LightOn Highlights from ICML 2020

The LightOn Machine Learning team attending the International Conference On Machine Learning. Picture courtesy of A. Chatelain.

At LightOn, we aim at being at the cutting-edge of the machine learning research. Therefore, it is with pleasure that we attended the 37th International Conference On Machine Learning, ICML 2020!

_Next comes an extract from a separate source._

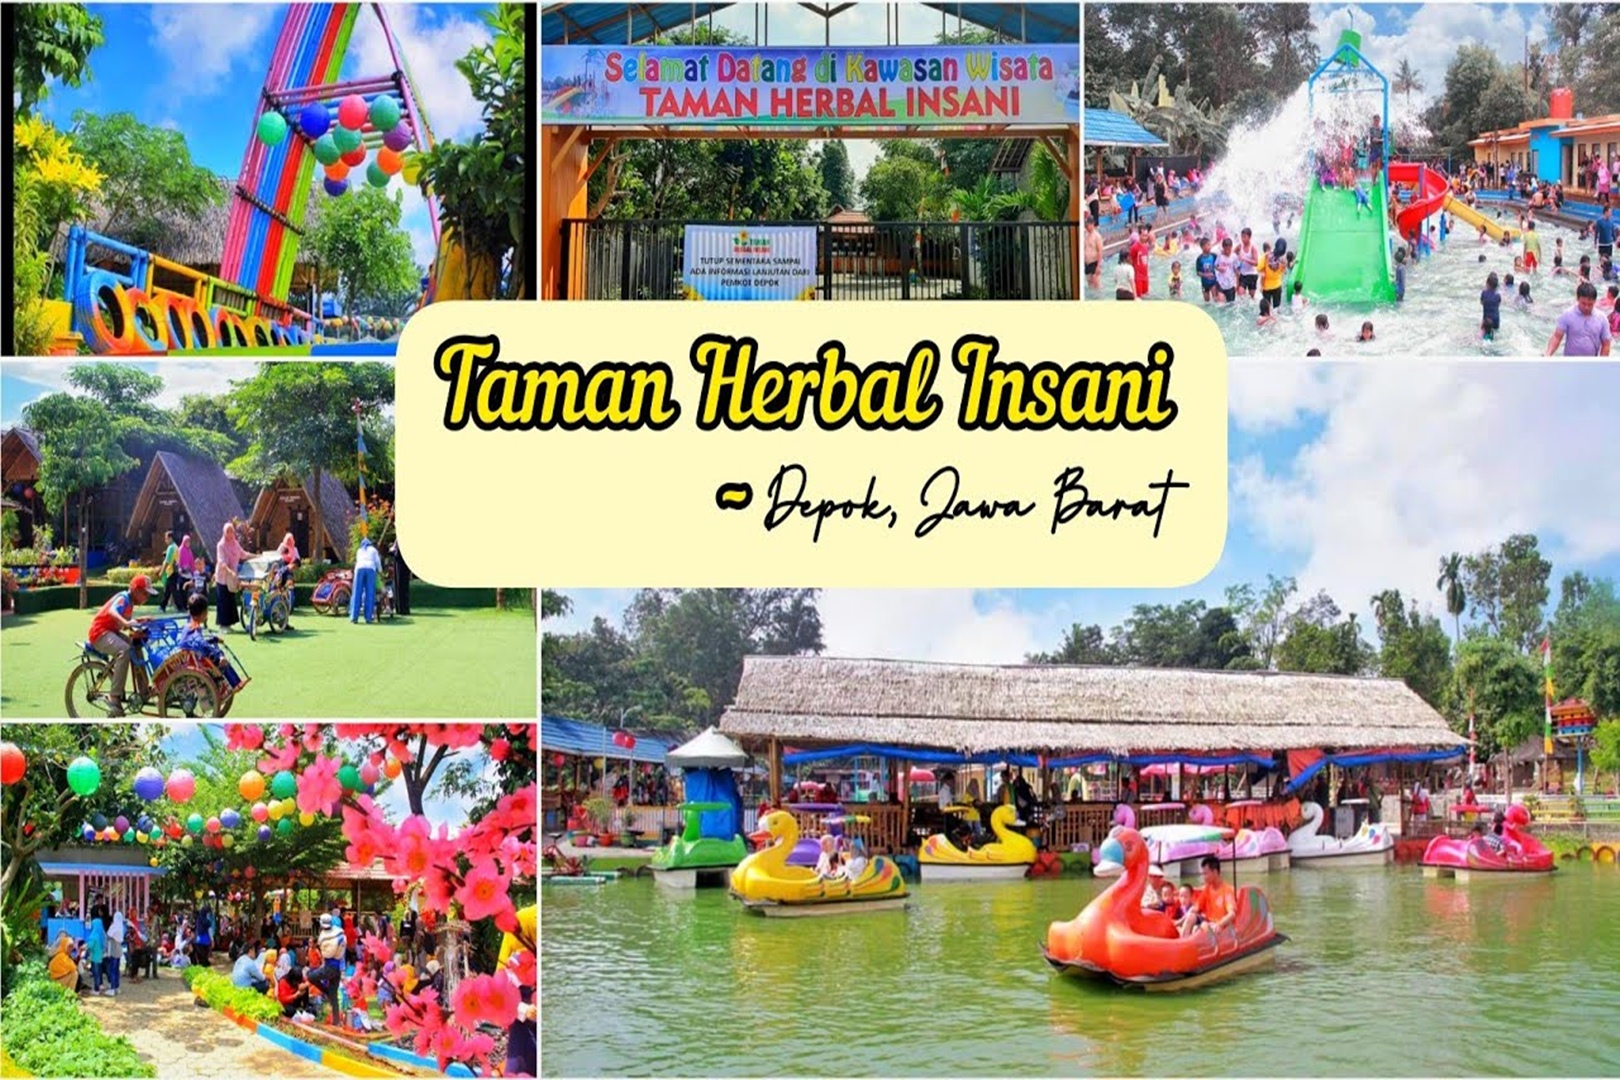 Serunya Wisata Edukasi Obat Herbal di Taman Herbal Insani Bojongsari, Cuma Sejengkal dari Jakarta!
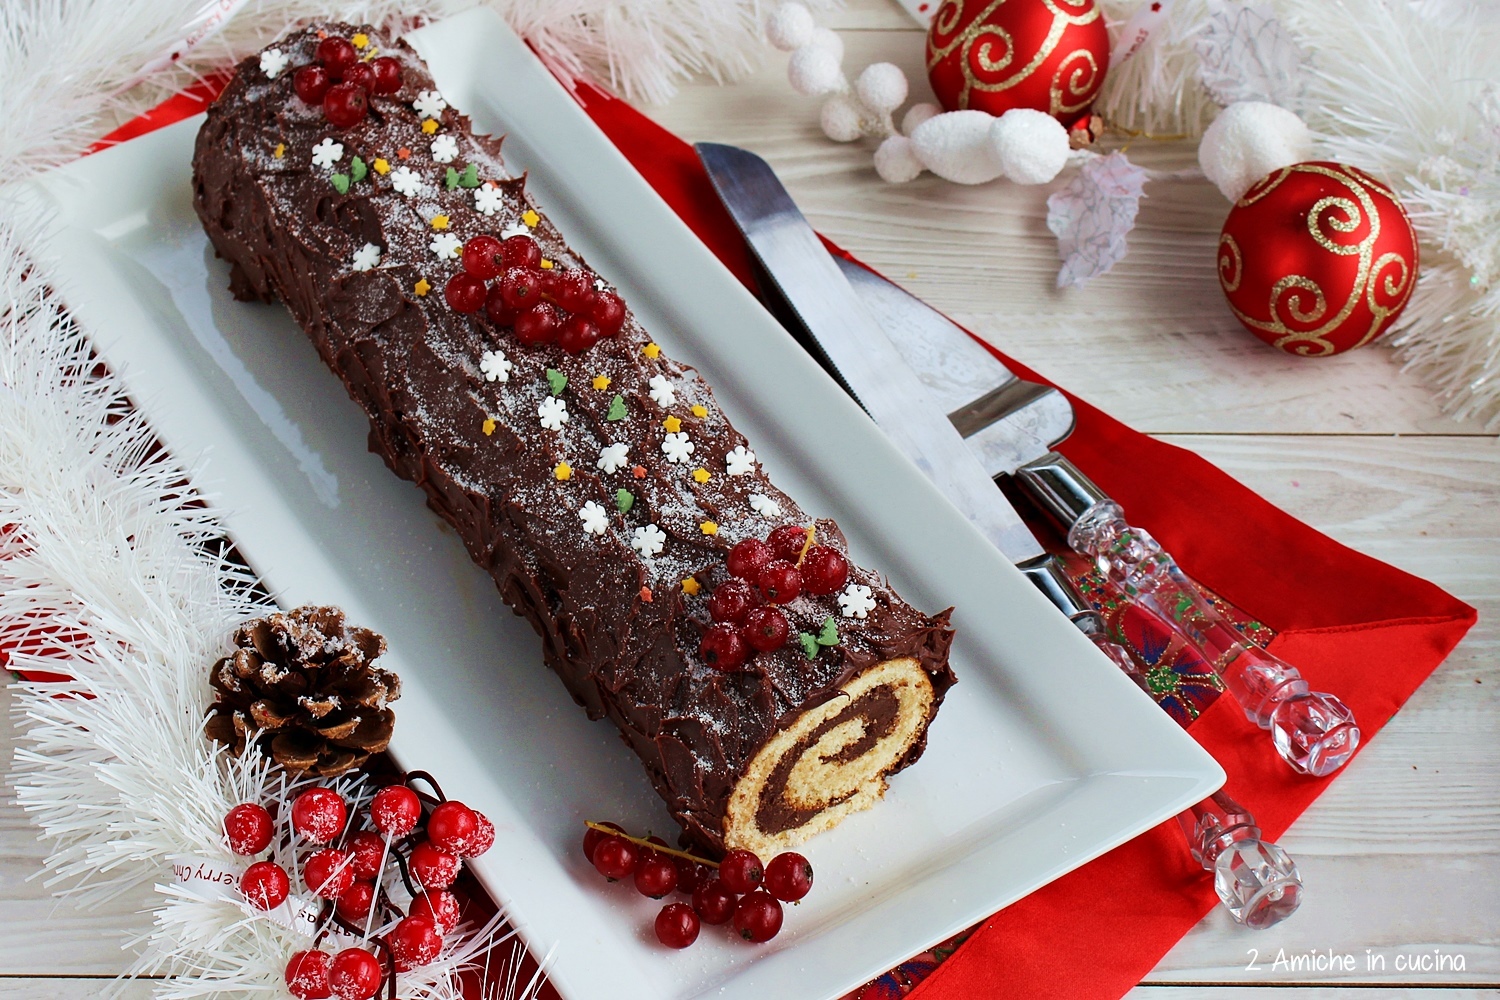 Tronchetto Di Natale Decorazioni.Tronchetto Al Cioccolato Buche De Noel 2 Amiche In Cucina

The organizers did an amazing job to turn this edition virtual, and present a variety of tutorials, papers, workshops, and panels.

While the conference covered a vast variety of topics, we focus this blog post on three of our favourite papers accepted and presented at ICML 2020. Let us introduce them, in no particular order!

#1 Variational Imitation Learning with Diverse-quality Demonstrations

In Reinforcement Learning (RL — that we explored here), an agent interacts with an environment and takes actions to maximize long-term rewards. However, it is not always possible to define clearly a reward function — for example, when teaching a self-driving car. A solution to this problem is Imitation Learning (IL): the agent imitates actions performed by experts. But, what happens if demonstrations by experts are too costly? Or if we don’t really have “experts” around (e.g., can we really find an “expert” in driving)? Voot Tangkaratt, Bo Han, Emti Khan, and Masashi Sugiyama, tackle these issues by introducing a Variational IL with Diverse-quality demonstrations (VILD) method [1].

Figure 1: During the k-th demonstration performed by an expert (left), the action aᵢ taken in the state sᵢ is optimal. In the case of diverse-quality demonstrations (right), the observed actions uᵢ are not optimal. Figure adapted from Ref. [1].

Their idea is to bypass the difficulty of estimating the quality of the actions chosen by a “non-expert” demonstrations (see Figure 1) using a variational approach. They also estimate a reward function which can be used to improve on the agent. VILD matches state-of-the-art results on benchmarks. More importantly, it shows that IL can be used in realistic scenarios!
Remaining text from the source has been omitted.